Targeted FAQs

Turbo XE

Targeted FAQs

  • Should I use a humidistat control?

    Humidistat controls work best for applications requiring 80% RH or less. If you need to maintain RH above 85%, do not consider using a mechanical humidistat control.

    If you are interested in evaporative cooling and have thermostatically controlled exhaust fans, using a humidistat control is a great choice. The two independent systems will work very well together, for cooling as well as for providing a maximum set point for relative humidity control.

  • How can I control high humidity applications?

    To maintain near 100% relative humidity with little or no ventilation:

    Operate the Turbo XE continuously and use the flowmeter panel to control the fogging output to maintain the desired high humidity level.

    Humidistats are generally not reliable in high humidity applications. For dependable control of a high RH application, it is best to operate Turbo XEs continuously. Using an appropriately sized flowmeter panel allows for simple and dependable control of the high humidity level.
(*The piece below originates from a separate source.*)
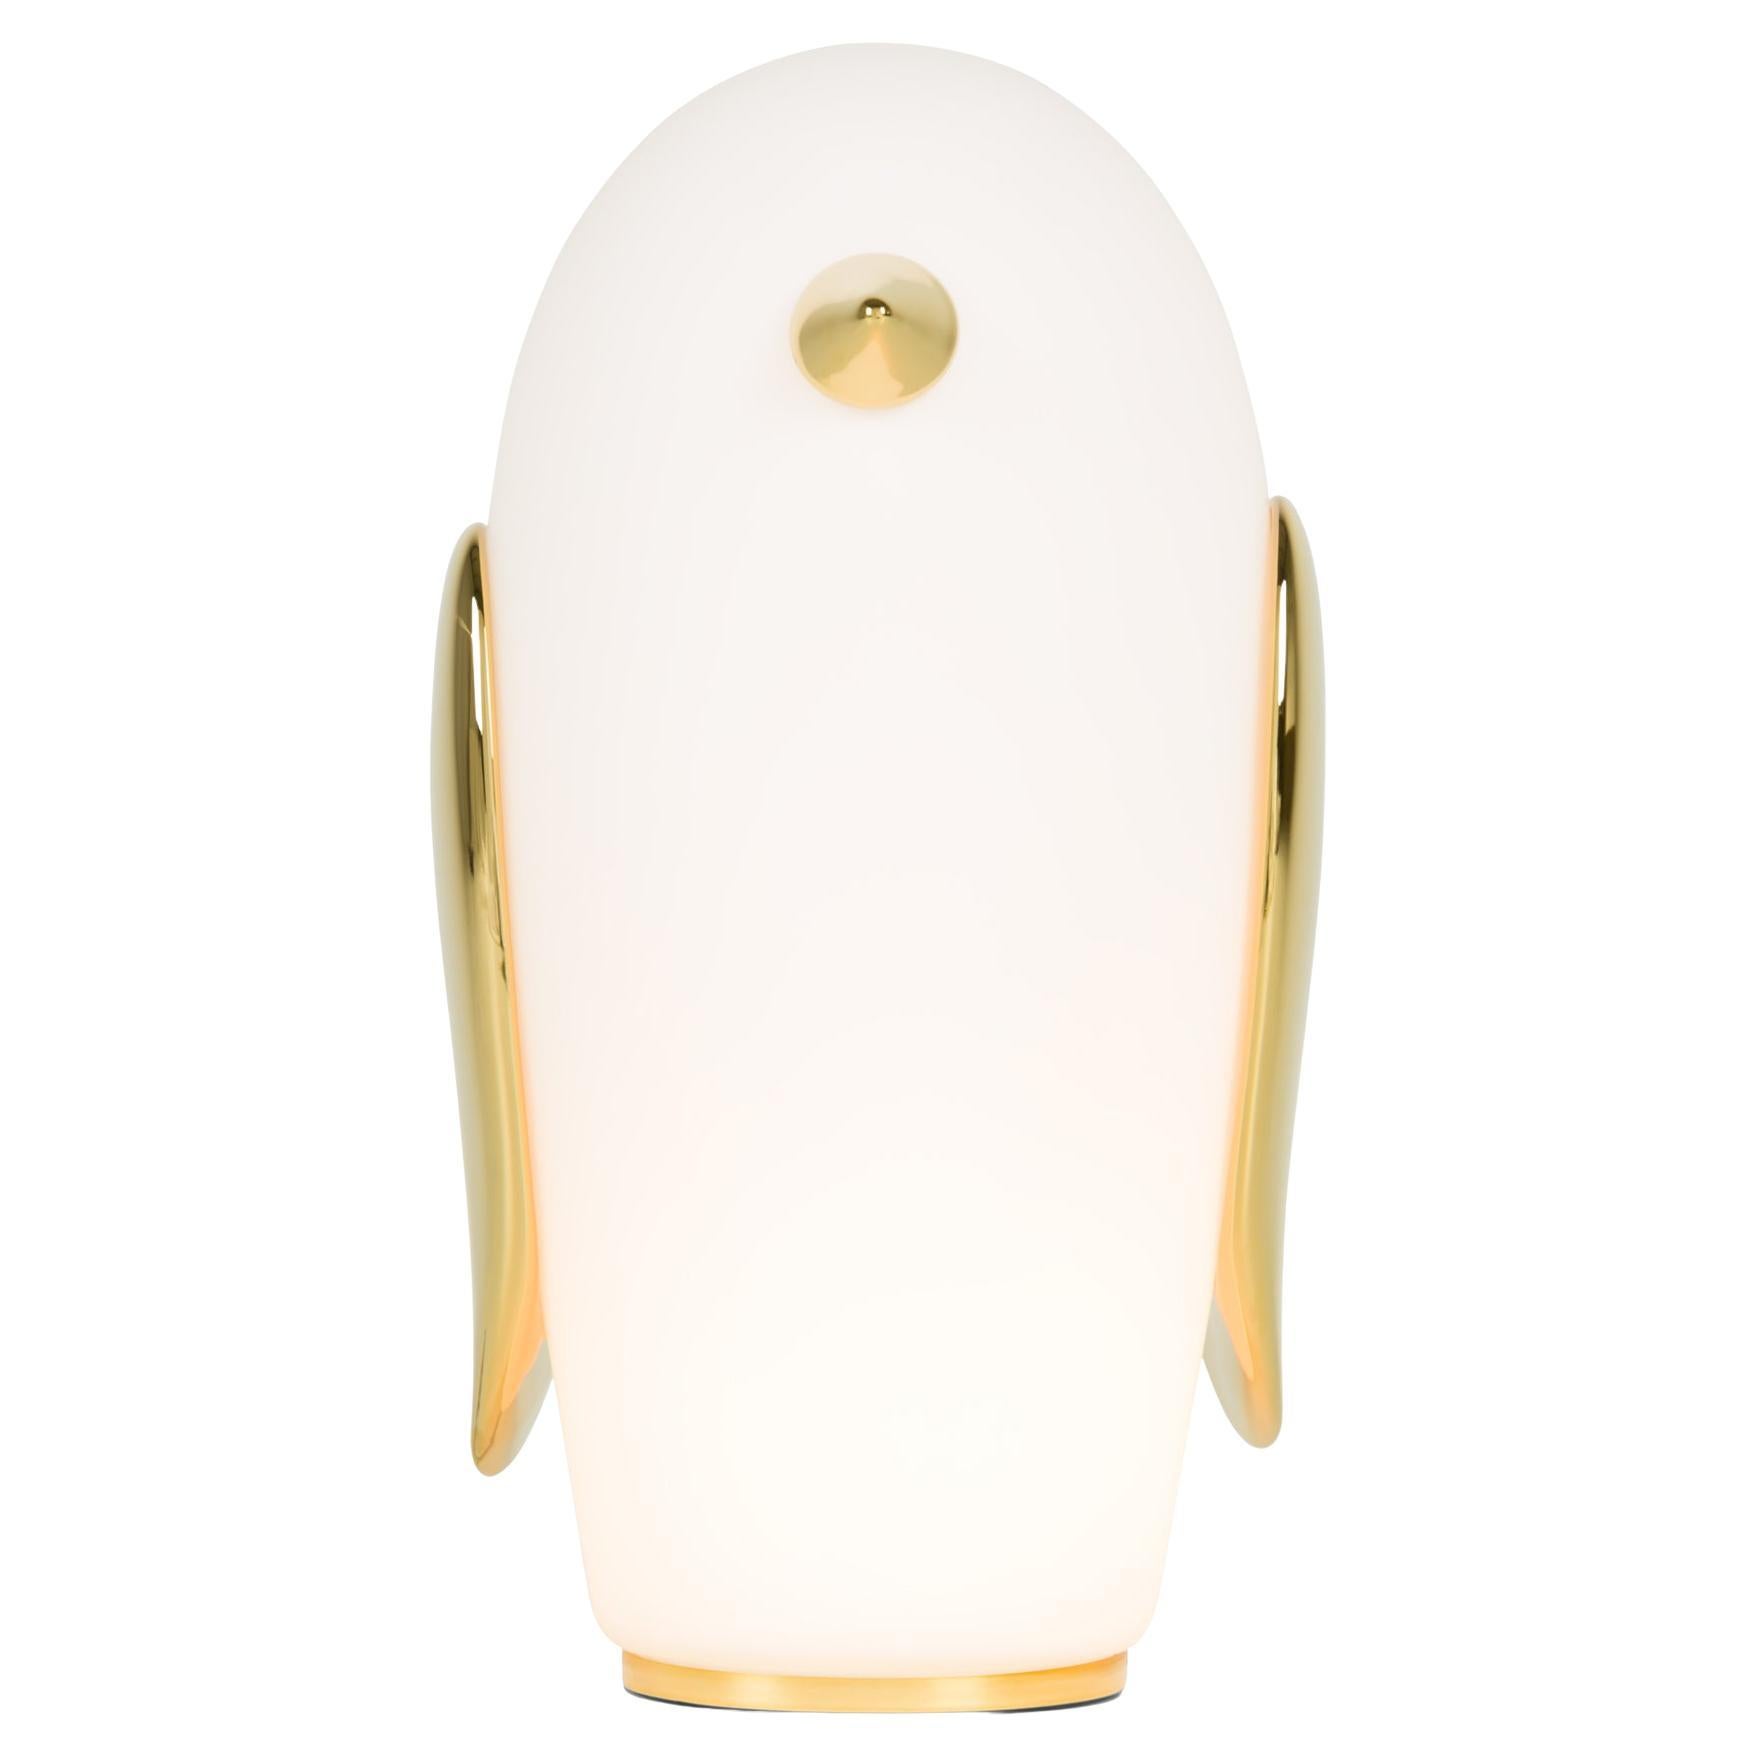 Moooi Pet Noot Noot Penguin Table Lamp in Matt White Glass with Golden Elements

    Maintaining near 100% RH with strong ventilation:

    This application requires switching between two different fogging outputs. This is a common requirement in greenhouse propagation.

    The low fogging output is used when ventilation is not occurring, while a much higher output is needed when the ventilation system is active. The fogging system will have to either be manually adjusted or a Two-Stage Timer Control can be used to automate between the two different fogging outputs.

  • Are these fans similar to those used at football games?

    The equipment used at games is similar; however, those fan systems have nozzles and are designed to produce water particles large enough that they can be projected into contact with players, and the high volume fan evaporates the small droplets off the player, resulting in rapid heat removal directly from the player’s surface.

  • Can I achieve evaporative cooling indoors?

    In most cases, you cannot create evaporative cooling in an indoor environment; however, if there’s a strong ventilation system available, and a significant increase in humidity would not have a negative impact, then it is possible.

    Every gram of water that evaporates absorbs 536 calories of heat, producing humidity that builds quickly. Without ventilation, cooling effects attenuate quickly as the humidity builds. At 100% RH, no cooling occurs.

  • How do I know when the environment is near 100% RH?

    For best results, measure RH using a quick responding digital humidity indicator with a range up to 100%. Please note: the device should not be kept inside the application room for extended periods of time.

    If you want a less expensive way to measure RH, or want to monitor the humidity in the application area for extended periods of time, then place a block of aluminum and a block wood next to one another. The aluminum will attract condensation at 85% RH and the block of wood will attract condensation at 100% RH. So maintaining a wet block of aluminum along with a moist block of wood is a good indicator that you are near 100% RH.

    • If the block of wood gets wet, rather than moist, then you will know that the area is likely being over-humidified, with the possibility of product damage occurring. In this case, a decrease in fogging output is needed.
    • If the block of aluminum is dry, then you know that the area is below 85% RH and an increase in fogging output is needed.